Without prejudice to the measures to be taken with the Carrier, any claim relating to apparent defects or the non-conformity of the product delivered with the product ordered or the delivery slip, must be made in writing within two (2) working days of receipt of the products. Otherwise, the products will be deemed to comply with the order.

The Buyer must provide all justifications as to the reality of the defects or anomalies found. It must allow the Seller to ascertain these defects and to remedy them. It will refrain from intervening itself or from having a third party intervene for this purpose.

ARTICLE 6 - Transfer of ownership - Transfer of risks

The transfer of ownership of the Seller's products to the Buyer will only take place after full payment of the price by the Buyer, regardless of the delivery date of said Products.

However, the transfer of risks of loss and damage of the products will take place on delivery and receipt of said products by the Buyer or from collection in the event of an ex-works sale.

ARTICLE 7 - Seller's liability - Warranty

Any warranty is excluded in case of incorrect use, negligence or lack of maintenance on the part of the Buyer, as in case of normal wear of the product or force majeure.

In order to assert its rights, the Buyer shall, under penalty of forfeiture of any action relating thereto, inform the Seller with appropriate proof, by any means confirmed by registered letter with acknowledgement of receipt within a maximum period of two (2) working days from their discovery, of the existence of any defect rendering the product unfit for its use.

The warranty is strictly limited to the restoration or replacement of the products affected by a defect or lack of conformity, to the exclusion of any other compensation, for any reason whatsoever.

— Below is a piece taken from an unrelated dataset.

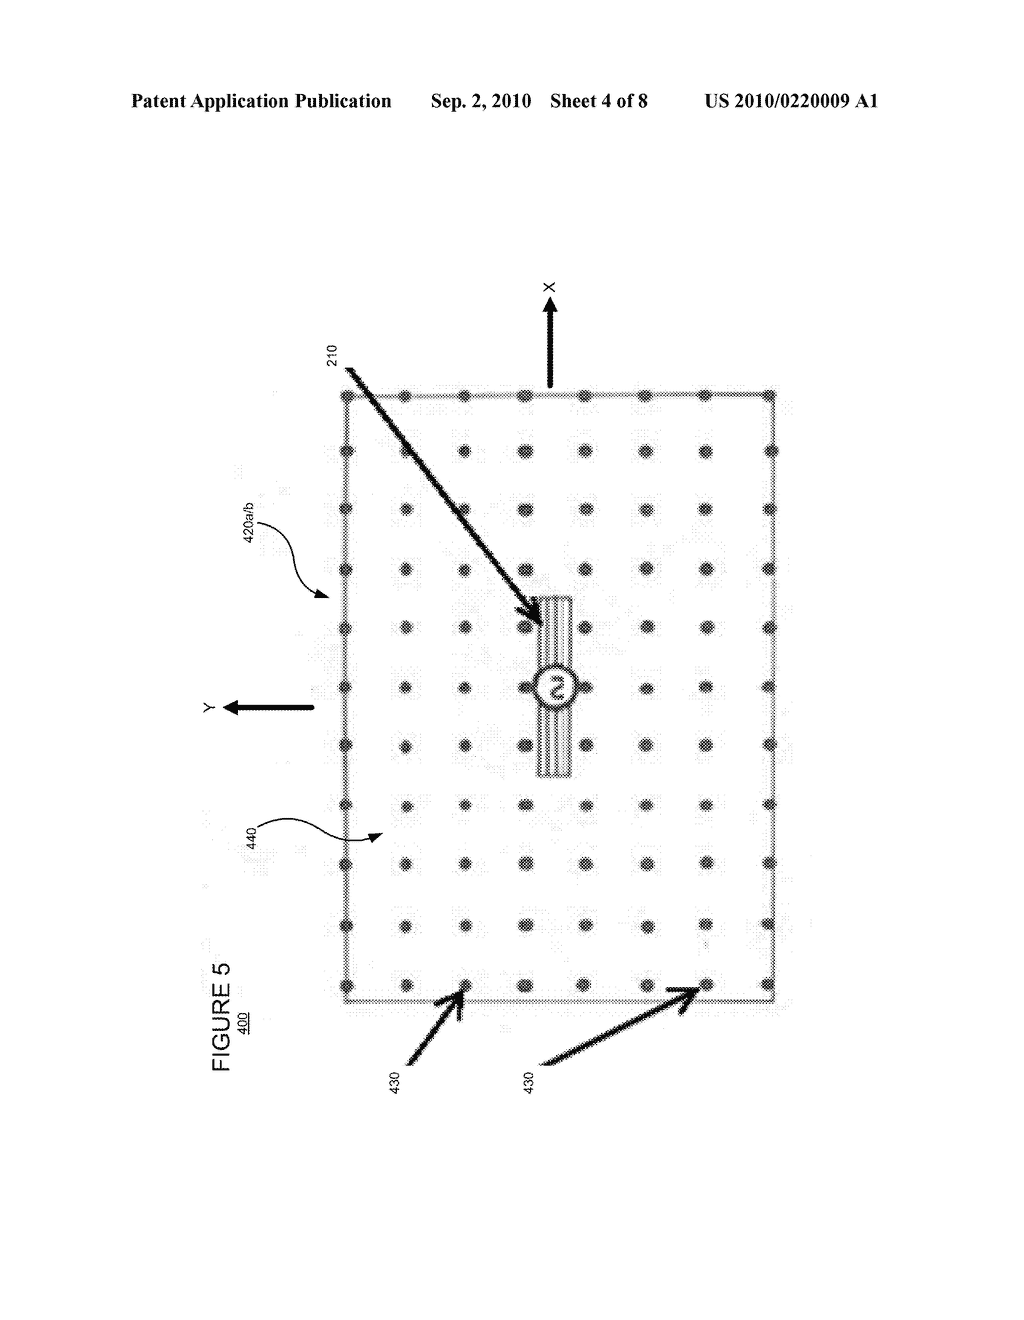 AZIMUTH-INDEPENDENT IMPEDANCE-MATCHED ELECTRONIC BEAM SCANNING FROM A LARGE ANTENNA ARRAY INCLUDING ISOTROPIC ANTENNA ELEMENTS - diagram, schematic, and image 05

ARTICLE 8 - Liability with respect to intellectual, industrial and commercial property

Buyers must hold, where applicable, the rights of use, in terms of intellectual, industrial and commercial or other property, of the products they order.

The Seller's liability may under no circumstances be sought or the Seller itself may not be prosecuted if the work it has carried out in accordance with the Buyer's specifications and order infringes the intellectual, commercial or industrial property rights of a third party.

Similarly, the Seller shall not be liable in the event that the use of the products it has manufactured would infringe such a right. The Buyer is obliged to hold the Seller harmless against any possible action by third parties on this basis and to fully indemnify the Seller for any possible convictions, costs and other harmful consequences on this basis.

ARTICLE 9 – Dispute - Applicable law

Any disputes that may arise in relation to this agreement, concerning its validity, interpretation, performance, termination and the consequences thereof, shall be brought before the Commercial Court of NANTES - FRANCE. It is expressly agreed between the Parties that this agreement is governed by and subject to French law. If these General Terms and Conditions of Sale are translated, only the French version shall prevail.

ARTICLE 10 – Buyer's acceptance

These General Terms and Conditions of Sale are expressly agreed to and accepted by the Buyer, who declares and acknowledges to have read them and accordingly waives any contradictory document and, in particular, its own general terms and conditions of purchase, which shall be unenforceable toward the Seller, even if it is aware of them. In accordance with the Data Protection Act of 6 January 1978 and European Regulation No. 2016/679/EU of 27 April 2016, the Purchaser has a right of access, rectification, portability and deletion of data or to limit its processing. It may also, for legitimate reasons, oppose the processing of its personal data. He may, subject to the production of a valid proof of identity, exercise his rights by contacting our company: DIXENCE ZI du Bignon 44110 ERBRAY- FRANCE.